**Work item**
Return the full listing unchanged, excluding any images it contains.
### Data records
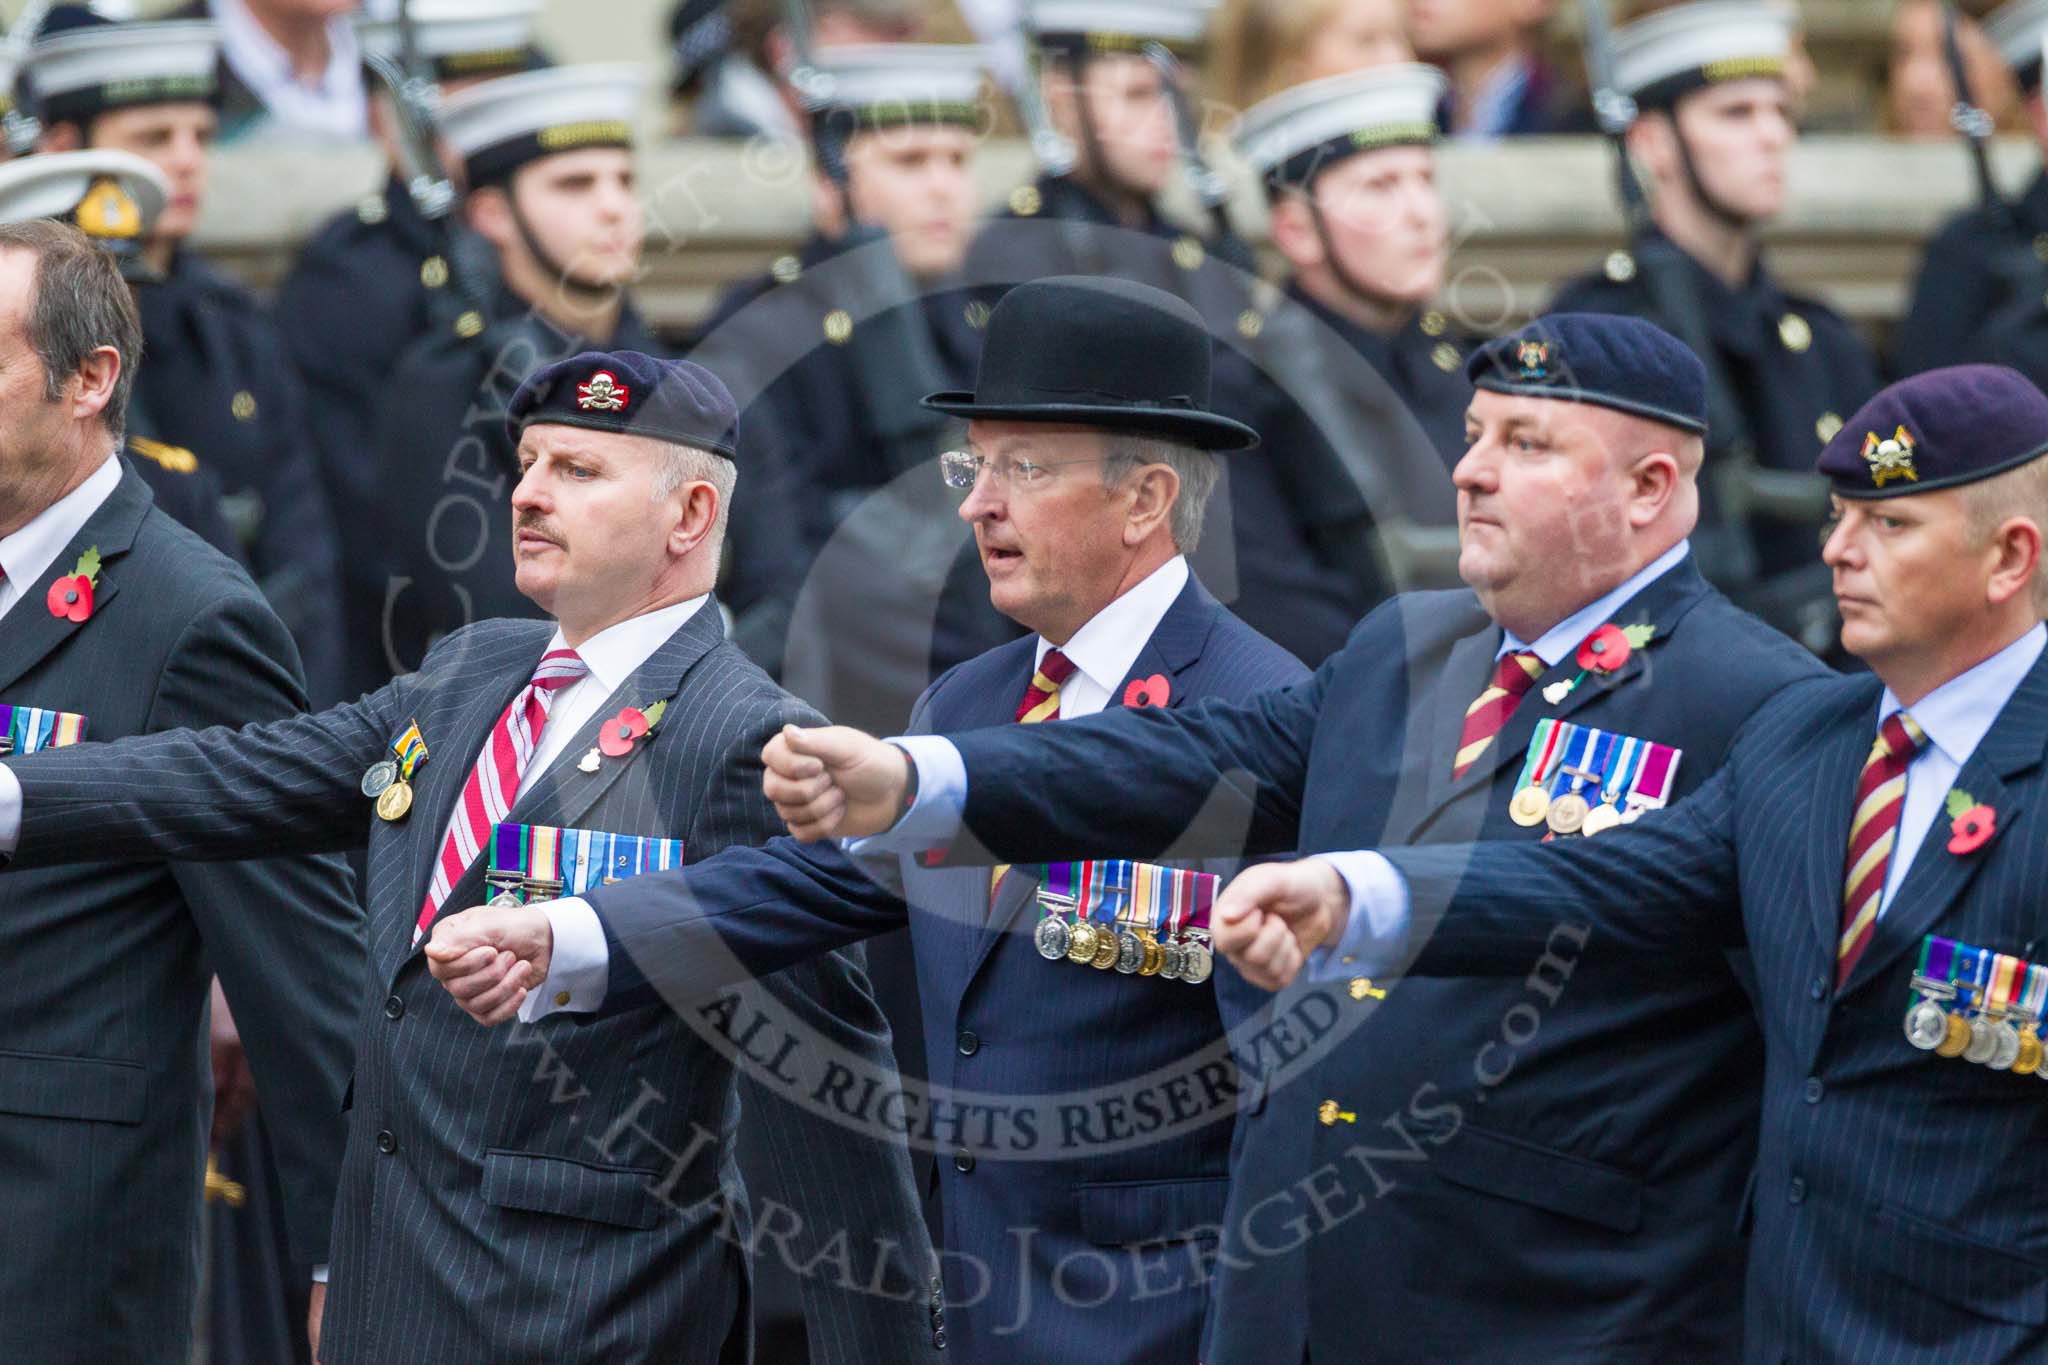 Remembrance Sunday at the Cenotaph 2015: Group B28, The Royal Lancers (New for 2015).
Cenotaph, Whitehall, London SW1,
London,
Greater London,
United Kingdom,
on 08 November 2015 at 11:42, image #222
######
**Result**
 Remembrance Sunday at the Cenotaph 2015: Group B28, The Royal Lancers (New for 2015).
Cenotaph, Whitehall, London SW1,
London,
Greater London,
United Kingdom,
on 08 November 2015 at 11:42, image #222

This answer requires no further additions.